In the preferred embodiment, it is `p+idx`. In other embodiments
`p` could point directly to the current cell, and an end pointer
(limiting pointer) could be used instead of `idxe` (a limiting
index). The index is also advanced (typically by adding +1 or -1 to
it, depending on direction).
[0051] At (204) the current cell is read from memory. This may
involve whatever protocol and whatever delays would typically be
associated with the memory interface (110) used.
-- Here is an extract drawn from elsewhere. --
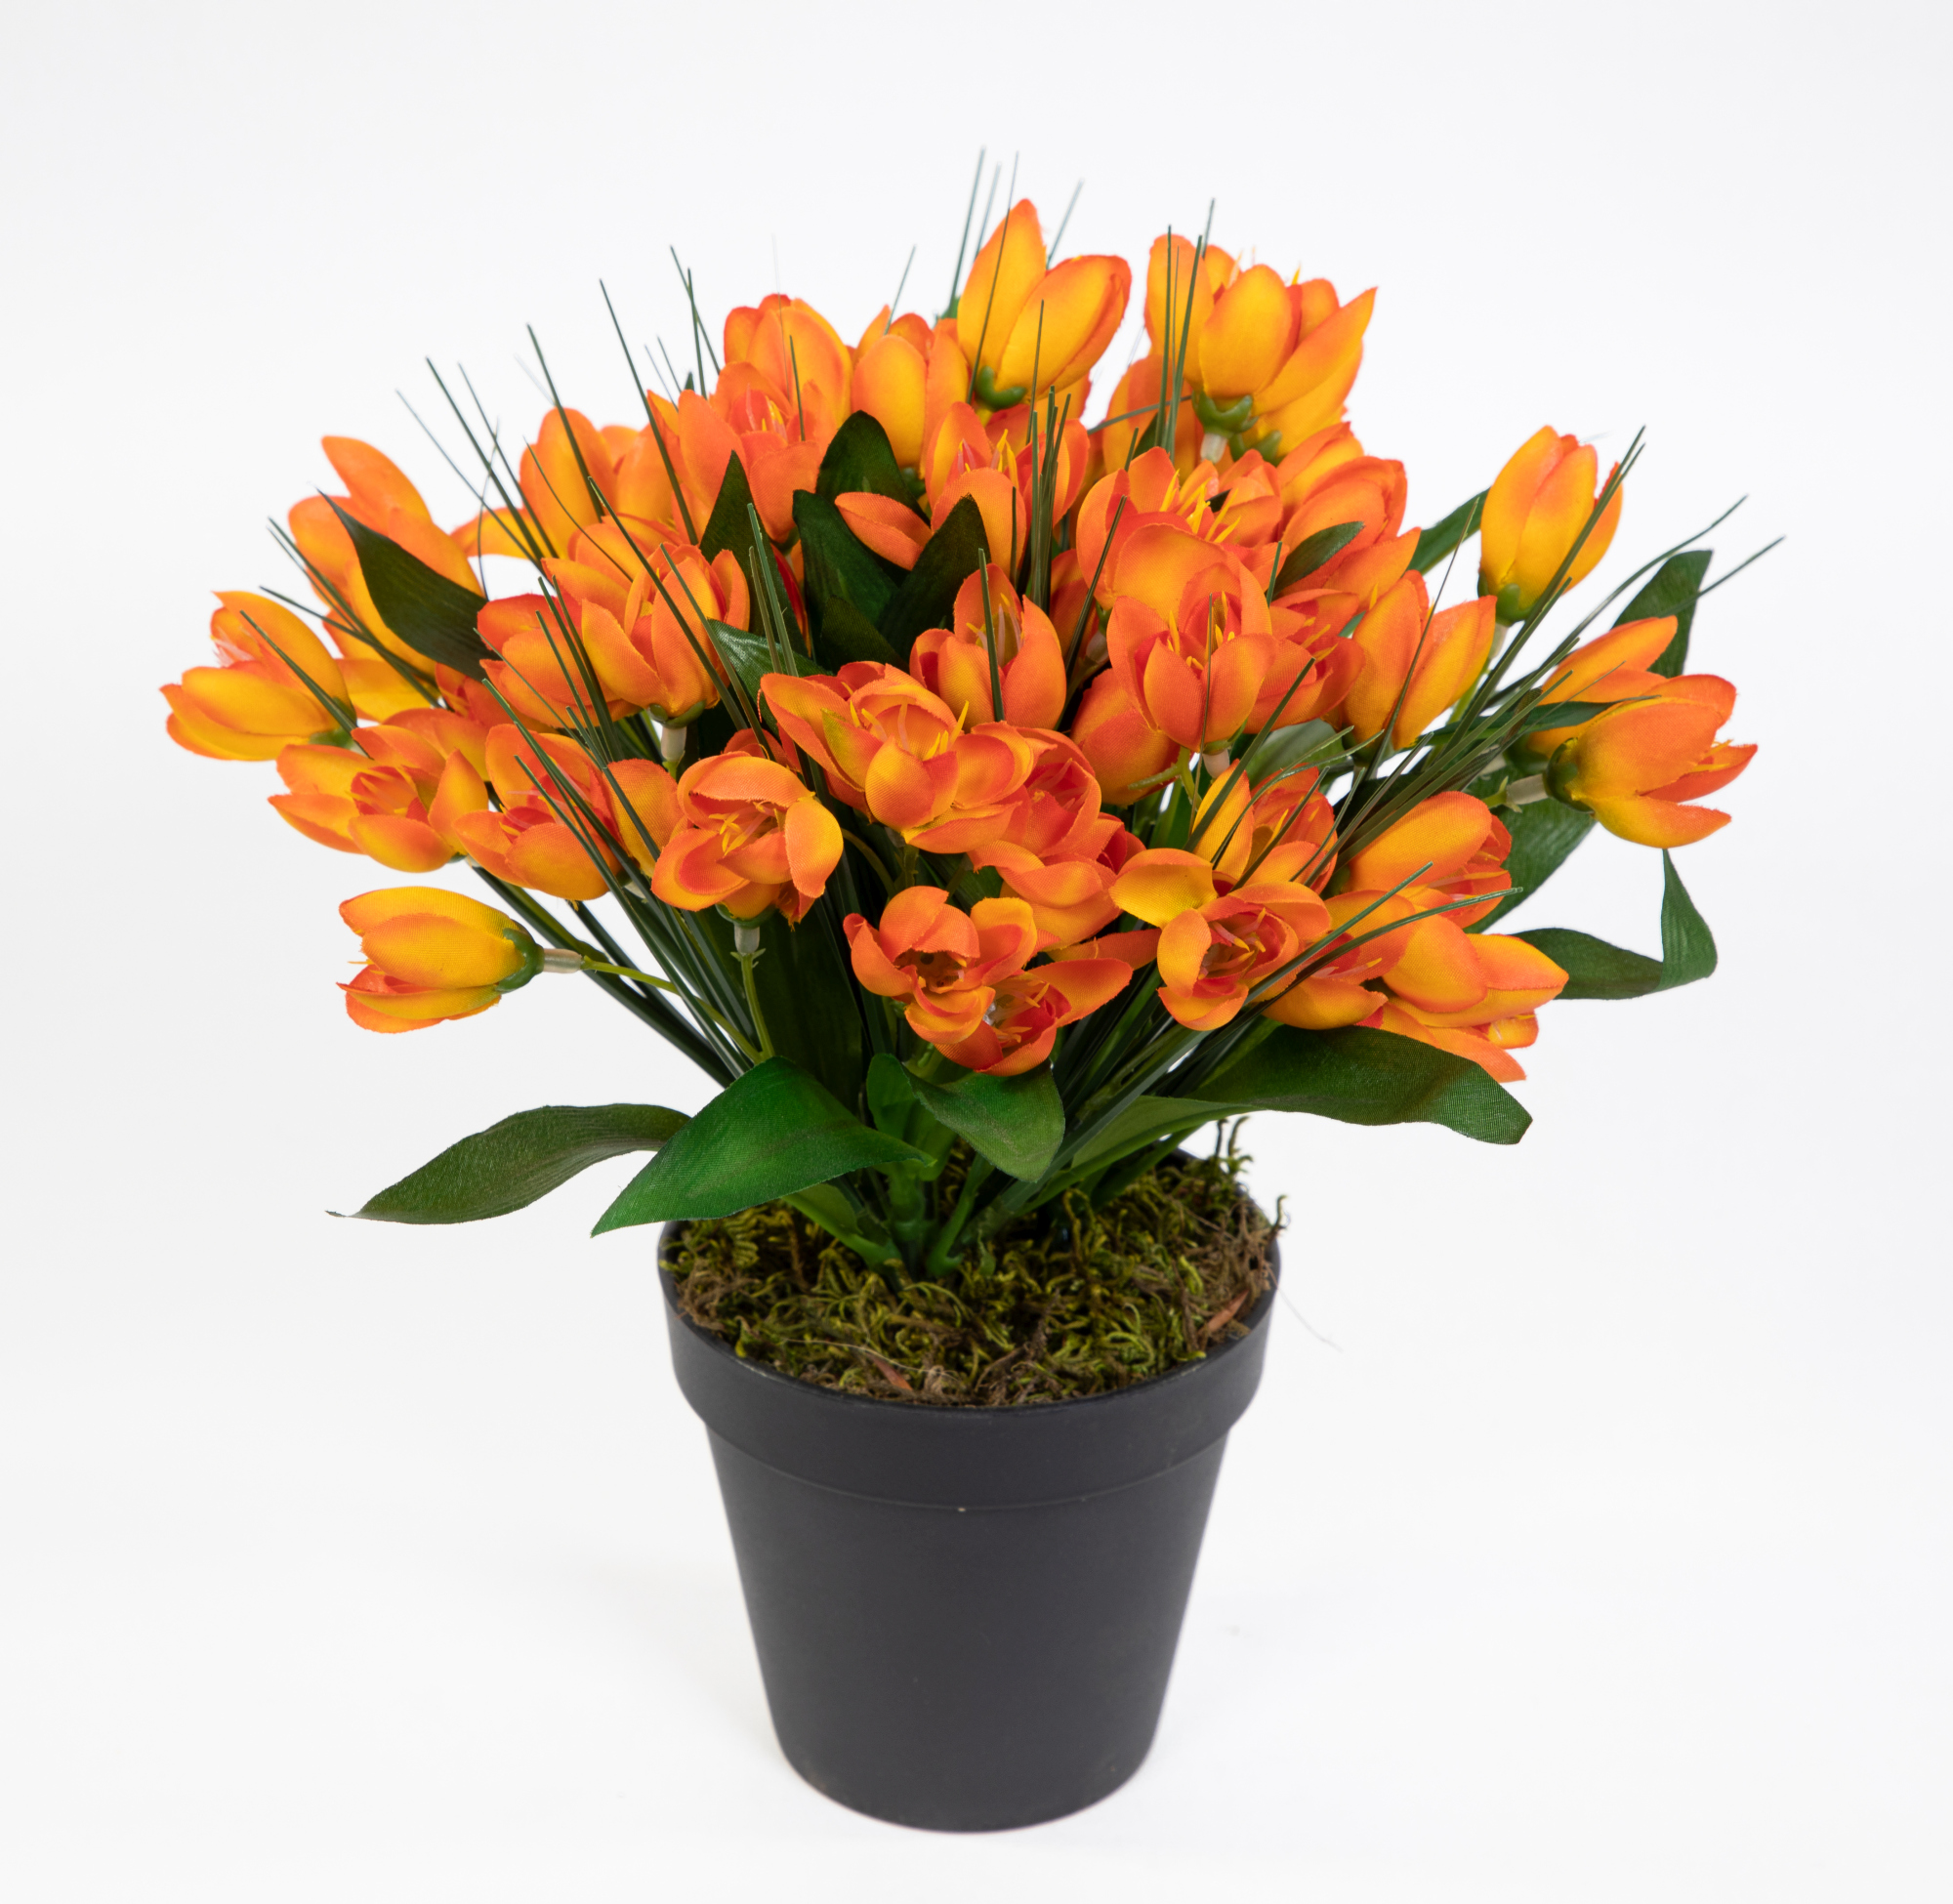 Krokusbusch 28cm orange im Topf PM Kunstpflanzen Kunstblumen künstlicher Crocus Krokus Blumen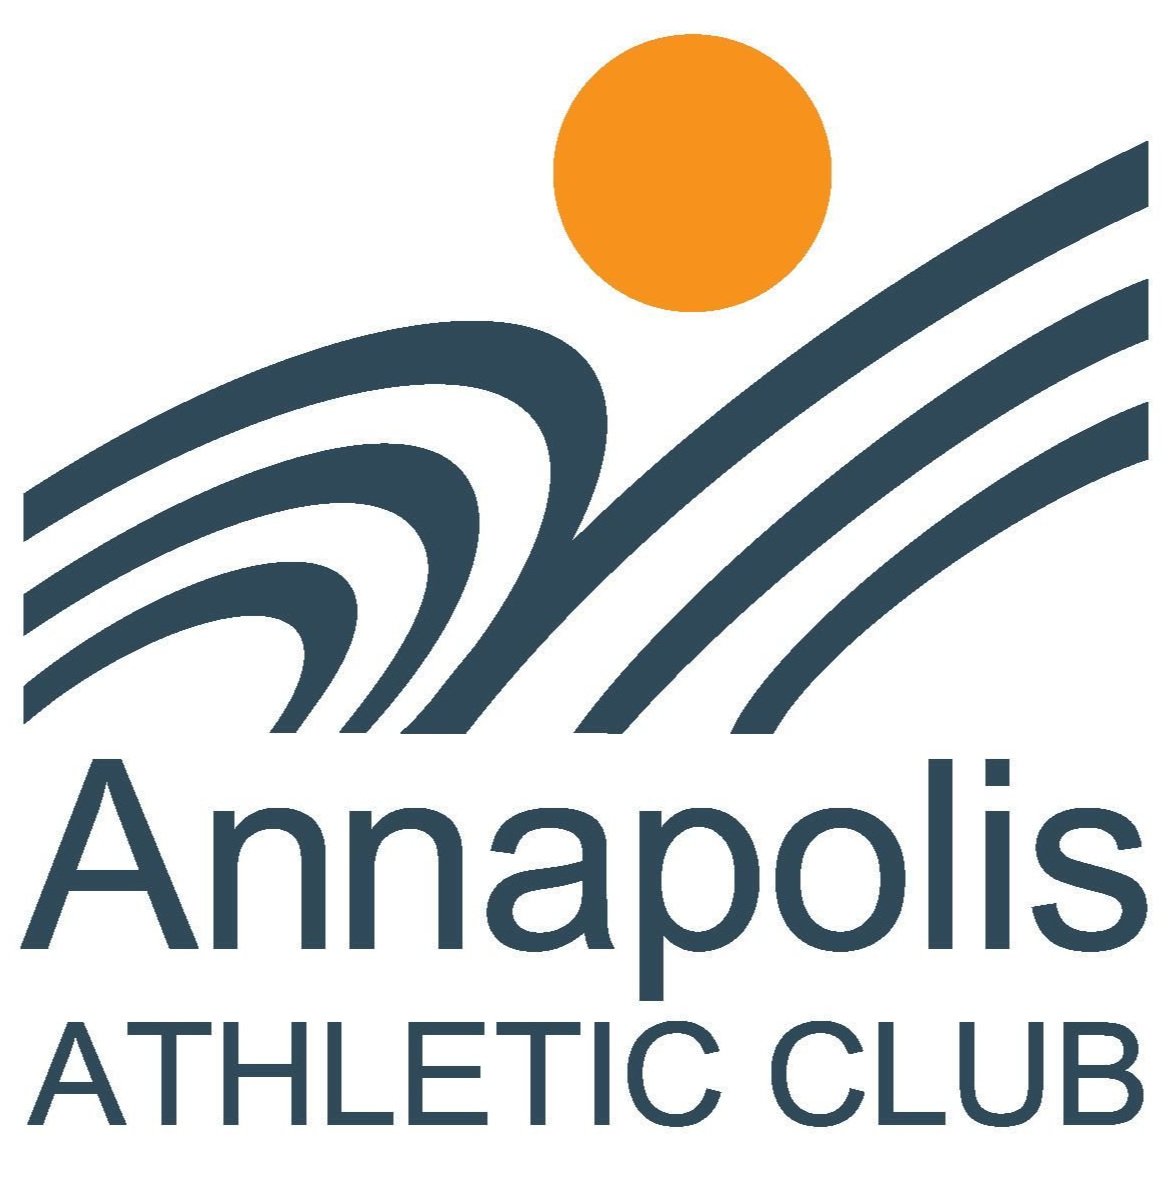 Annapolis Athletic Club

[0052] At (205) the configuration component is invoked, passing
control to it and suspending the traversal component until it
indicates that the traversal component can continue. In a hardware
implementation this can mean sending the cell and the address of
the current cell to the configuration object, indicating
availability of an object, and waiting for the configuration object
to signal that it has completed processing the cell. In software
this could mean a function or method call through a function
pointer to the configuration object.
[0053] At (206) the return value is obtained from the configuration
object. In the preferred embodiment it is the new cell to process
(either the same one provided to the configuration object or a
different one). It can also be a special invalid cell value, such
as SKIP to skip the current cell (e.g. because it points to outside
the current region), or ABORT (abort traversal). The SKIP value is
checked at (207) and the ABORT value at (208).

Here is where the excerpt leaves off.